--- RECORDED DATA ---

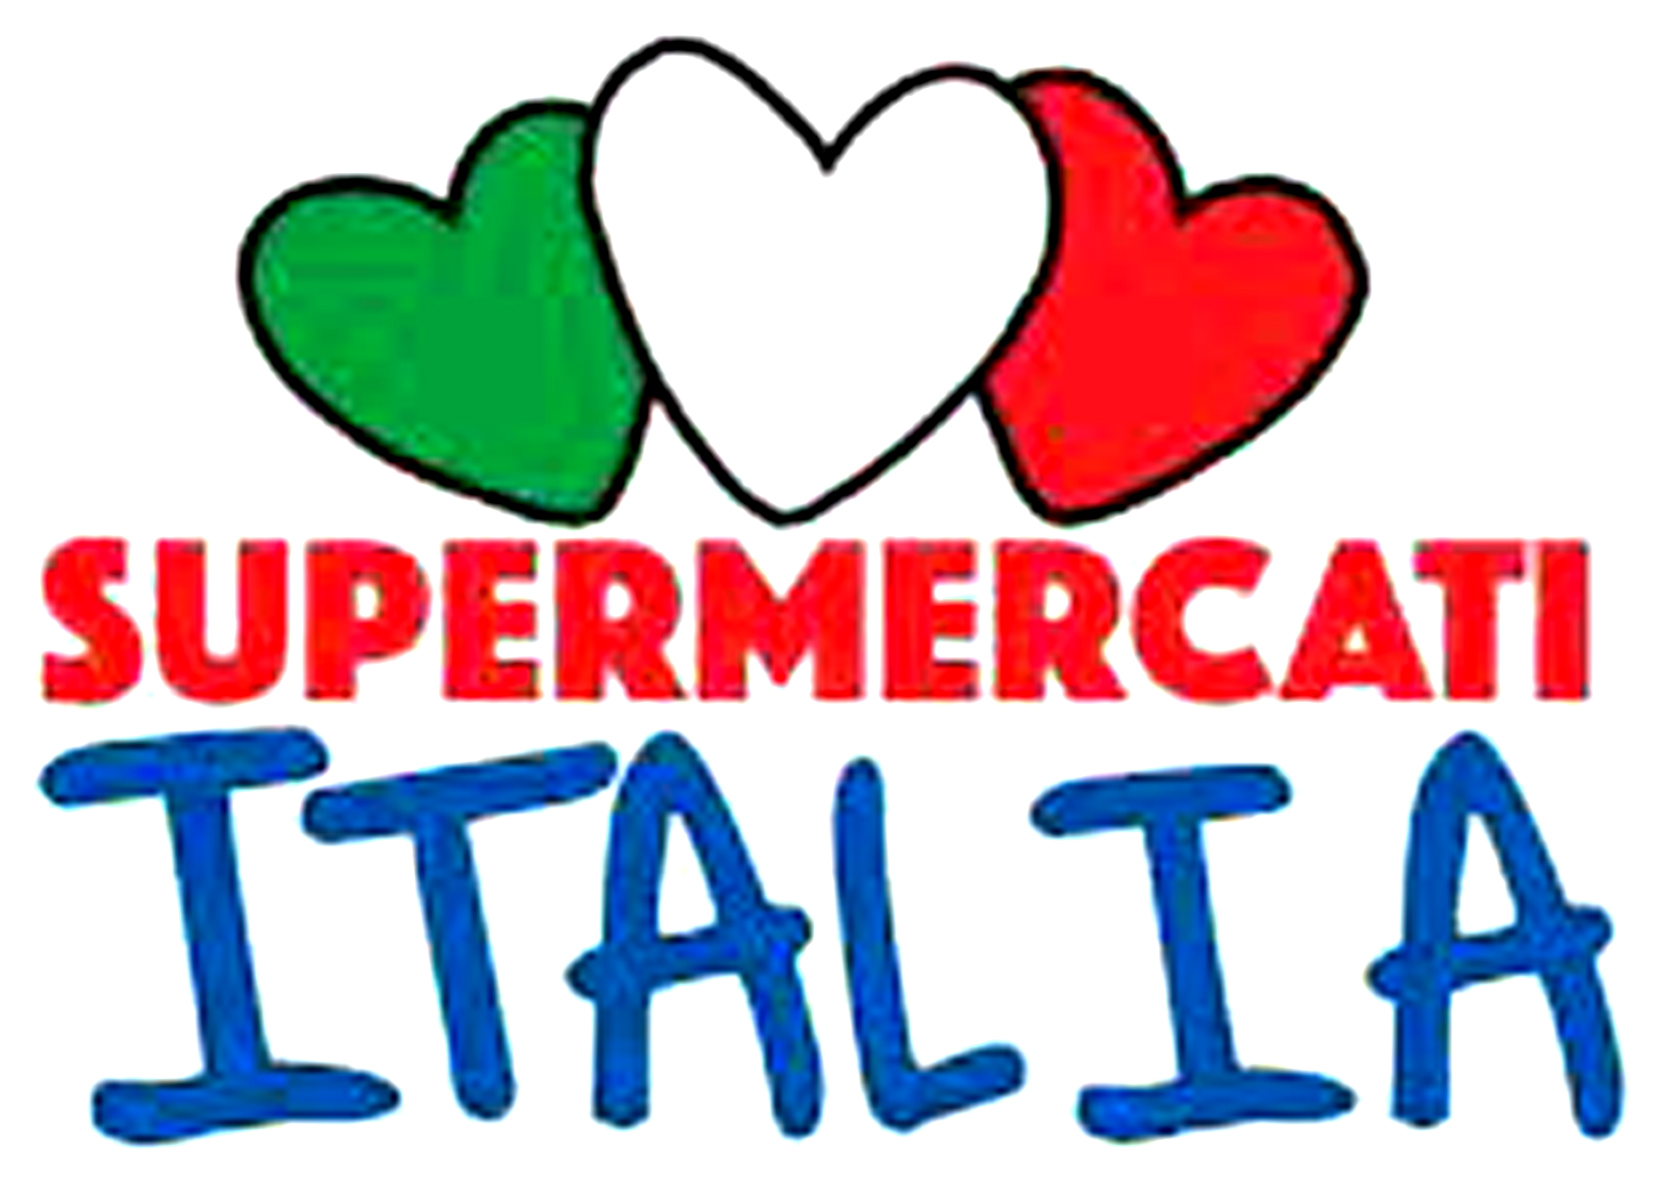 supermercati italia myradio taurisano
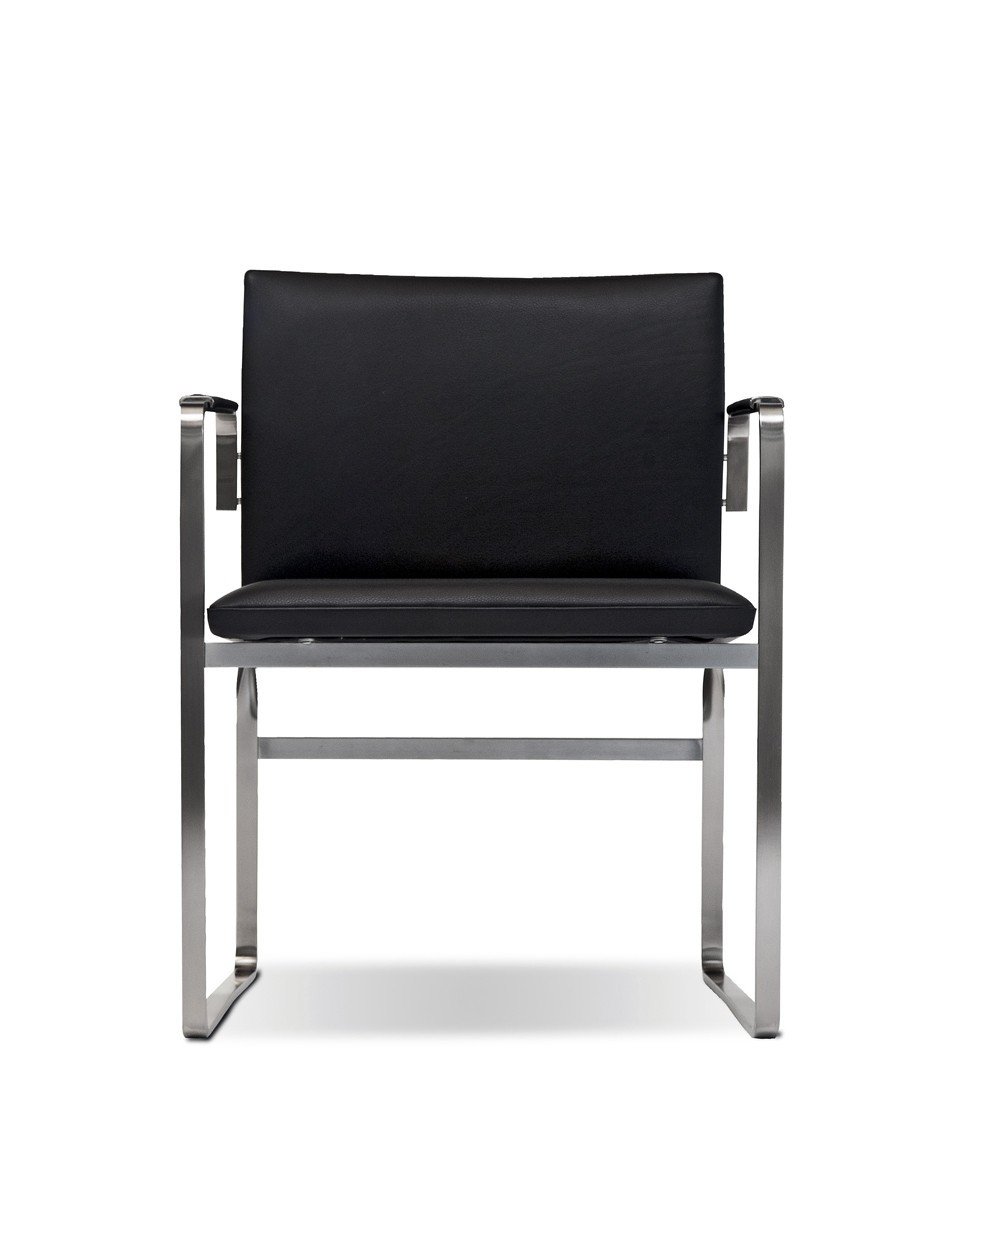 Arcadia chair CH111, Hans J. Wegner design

---
--- RECORDED DATA ---

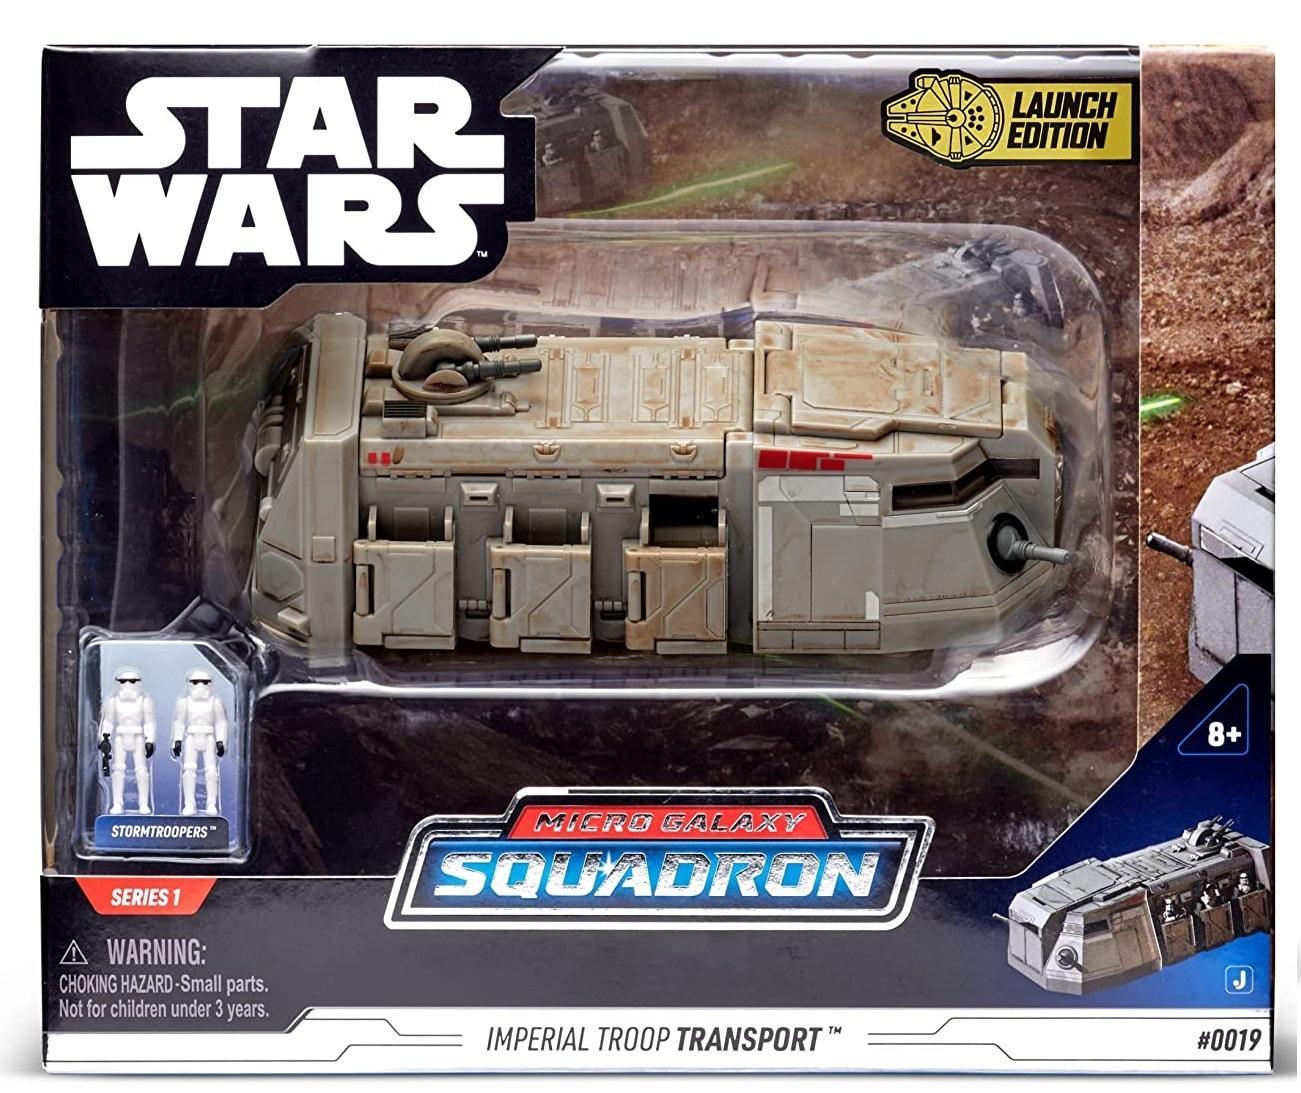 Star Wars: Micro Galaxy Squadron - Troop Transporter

---

**EXERCISE PROMPT**. In the listing above, find the line with "supermercati italia myradio taurisano" and the line with "Arcadia chair CH111, Hans J. Wegner design". Set down both and every line between them, minus the pictures.

**ANSWER BOX**.
 supermercati italia myradio taurisano
 Arcadia chair CH111, Hans J. Wegner design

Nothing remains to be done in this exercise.